If each of X1, \,X2, … is a random variable of Bernoulli(p), then the distribution of the sum of each variable (X=X1+X2+ …) has a binomial distribution B(n, p) It's possible. According to this definition, it is possible to create a new random variable by adding the events of two binomial distributions with the same probability.
$$\begin{align}&X \sim B(n, p) \\ &Y \sim B(m, p)\end{align}$$The sum of two binomial variables (X and Y) can be expressed as a new random variable Z as follows.
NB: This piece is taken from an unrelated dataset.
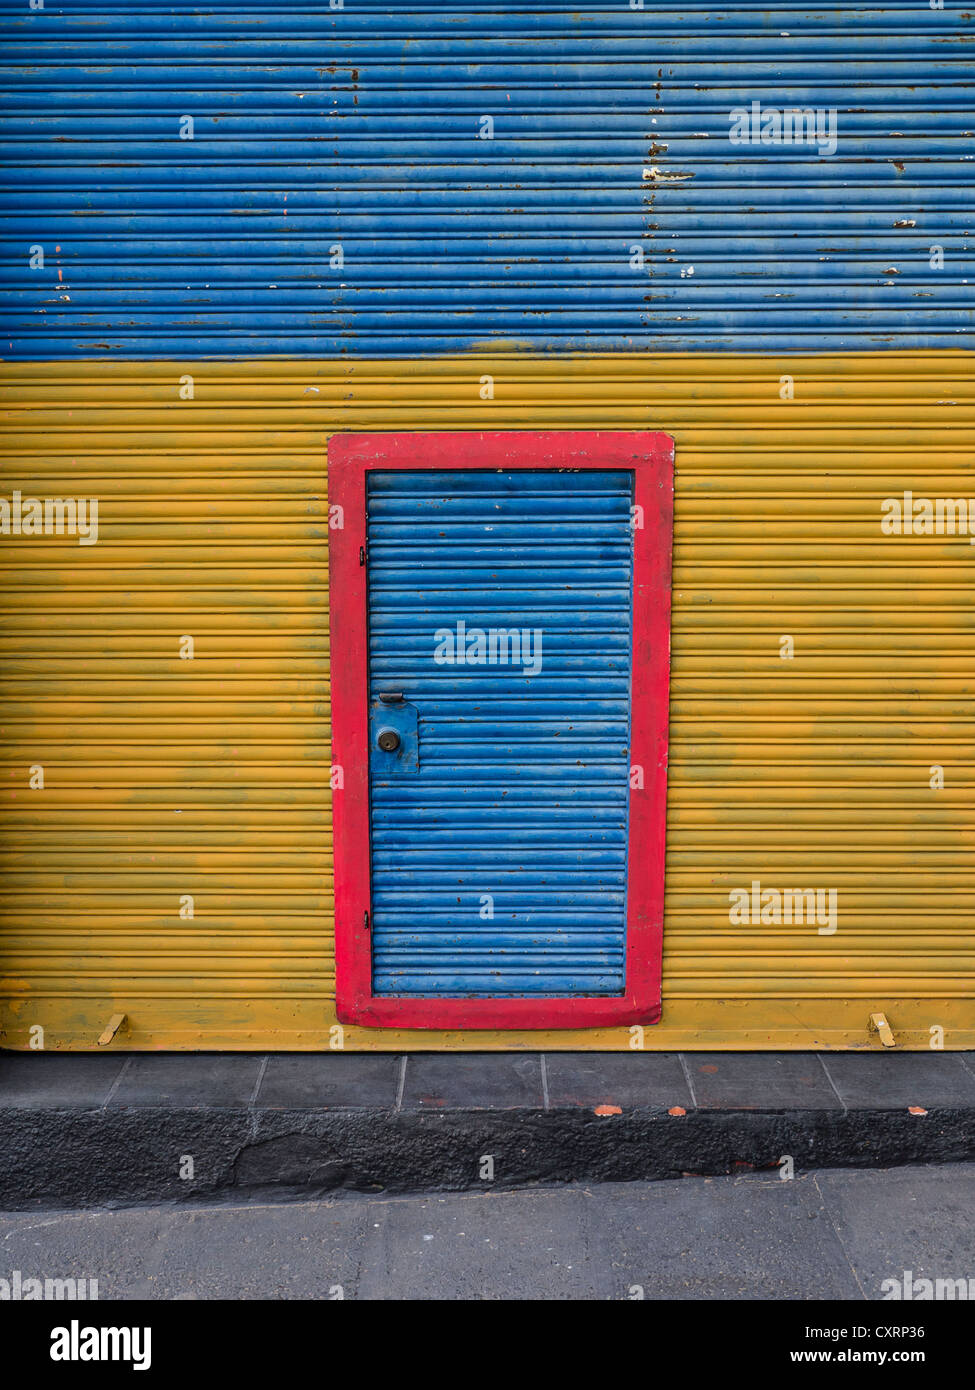 Un mur en carton ondulé peint de couleurs vives, d'un bâtiment en métal avec une porte en métal ondulé avec bordure rouge au centre du mur. Banque D'Images

$$Z \sim B(n+m, p)$$Example 7)
If the defective rate is 0.01 among the products of a certain factory, what is the probability that at least 2 defective products will be included if 30 products are randomly selected from among the products?
The sample space for this event is $R_x=\{0,\, 1, \,2, \, \cdots\}$ and can be expressed as the following binomial distribution:
$$X \sim B(30, 0.01)$$The probability that two or more defective items are included in this probability distribution is calculated as follows.
$$P(X \ge 2) = 1 -P(X \le 2)$$The above calculation can be calculated with a probability mass function and a cumulative function as shown in the following code.
pthan2=1-sum([stats.binom.pmf(i, 30, 0.01) for i in range(3)]) round(pthan2, 4)
0.0033
round(1-stats.binom.cdf(2, 30, 0.01), 4)
0.0033
Example 8)
A game is played with rules in which the prize money is determined according to the number specified in the three rounds of the dice.
Rounds | 0 | 1 | 2 | 3 |
---|---|---|---|---|
prize | -1000 | 1000 | 2000 | 3000 |
Determines the expected value of this game.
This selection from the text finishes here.